そんなエレノアに似た女性―――いや、エレノア本人が目の前にいる。凛として咲く花の如きその立ち姿は、正に彼女そのもの。
今まで夢でしか見れなかった彼女だが、生で見るのは初めてだ。
興奮が収まらないが、ここは冷静に。
「ああ、大丈夫。ありがとう……俺はシリル・アクロイド。ええと、あなたは……」
「エレノア・フォーレンだ。クエストを受けてここに来ているんだが、君は?」
女剣士―――エレノアは剣を鞘に納めながら淡々と答える。
やはりそうか―――今までの疑念が一気に晴れたような気がする。
「ええと……俺は冒険してるんだけど……」
「冒険? そんな装備で? よく無事だったな……」
「え……?」
ゲームでは見せなかった彼女の反応に、思わず首を傾げる。エレノアは構わず話を続けた。

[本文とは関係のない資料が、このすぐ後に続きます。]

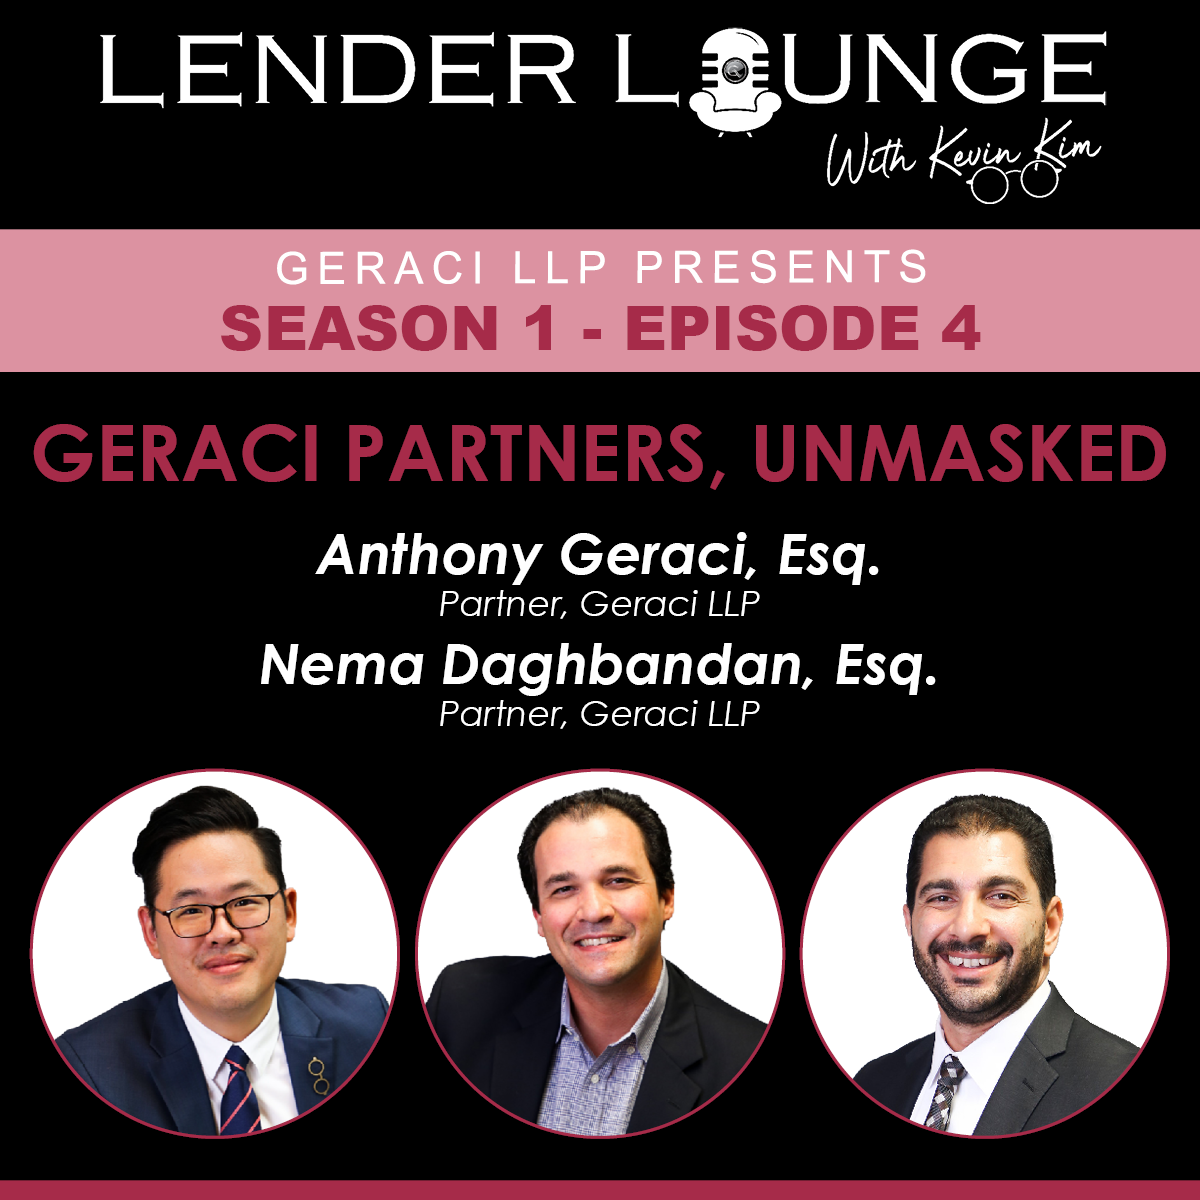 lender-lounge-with-kevin-kim-geraci-partners

「だって、ここは魔物が跋扈する“魔境”だぞ? 私がたまたまここに居合わせなかったら、君はさっきの大蛇に喰われて死んでいたぞ」
確かに、俺はあの時、碌に武器も持たずに旅に出た。半ば追い出される形で村を出たのだから準備する暇もなかったからだ。ゲームの俺も、同じように旅に出ていた。

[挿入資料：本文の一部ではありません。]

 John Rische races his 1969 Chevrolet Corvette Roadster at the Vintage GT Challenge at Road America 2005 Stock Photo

「……まあいい。話は変わるが、どこかで“青い光石”を見なかったか?」
「“青い光石”……?」
辺りを見回すと、木陰で淡く光る青く透明な石が目に留まった。
「もしかして、あれ?」
「ああ、あれだ。ありがとう」
指差して問うと、彼女はすかさずピッケルを取り出して歩いて行った。
彼女が石に触れた瞬間、バチッとした静電気のような鋭い痛みが指先に走った。
「うわっ……!」
反射的に石から手を放す。
その時、
―――ゲームスタート―――
―――そんな声が聞こえたような気がした。いや、しかと耳に入った。
「大丈夫?」
「大丈夫だ……かなりデリケートな石だから、扱いには気を付けないとな……」
すぐに体勢を立て直し、ピッケルで青い光石を砕き始めた。
ピッケルで拳くらいの大きさまで砕いたら、袋の中に詰め始めた。今度は静電気のような衝撃は起きなかった。
「一体、それは……」
「これは“魔結晶”だ。名の通り魔力が結晶化したアイテムなんだが、こんなに大きな物は珍しいな」
エレノアはまたもや淡々とした口調で解説する。
青い光石―――“魔結晶”はゲームでは装備の作成やアップグレードの際に必要なアイテムだ。その為プレイヤー達からは貴重な資源として重宝されていた。
「じゃあ、さっき言ってたクエストって……」
「そうだ。私はこれを集める為にここに来たんだ……さて、採集も済んだ事だし、そろそろ出発しようか。急がないと夜になってしまう」
と言って、口を固く締めた袋を担ぎながら立ち上がった。
「あっ、それと」
すると今度はピッケルをポイッと放り投げてきた。俺はそれを両手で受け取った。
「武器が無いなら、それを使ってくれ。ただギルドからの支給品だからなるべく壊さないようにしてほしい」
「わ、分かった……」
彼女は大蛇の死骸を残し、さっさと立ち去ってしまった。
俺はふと大蛇の死骸を見る。
確か……このモンスターは“ジャイアントスネーク”というスペルボーンに登場するザコ敵だ。大きさの割には階級は最低のEで討伐推奨レベルは5だが、最初に登場するモンスターとしてはいささか手強い。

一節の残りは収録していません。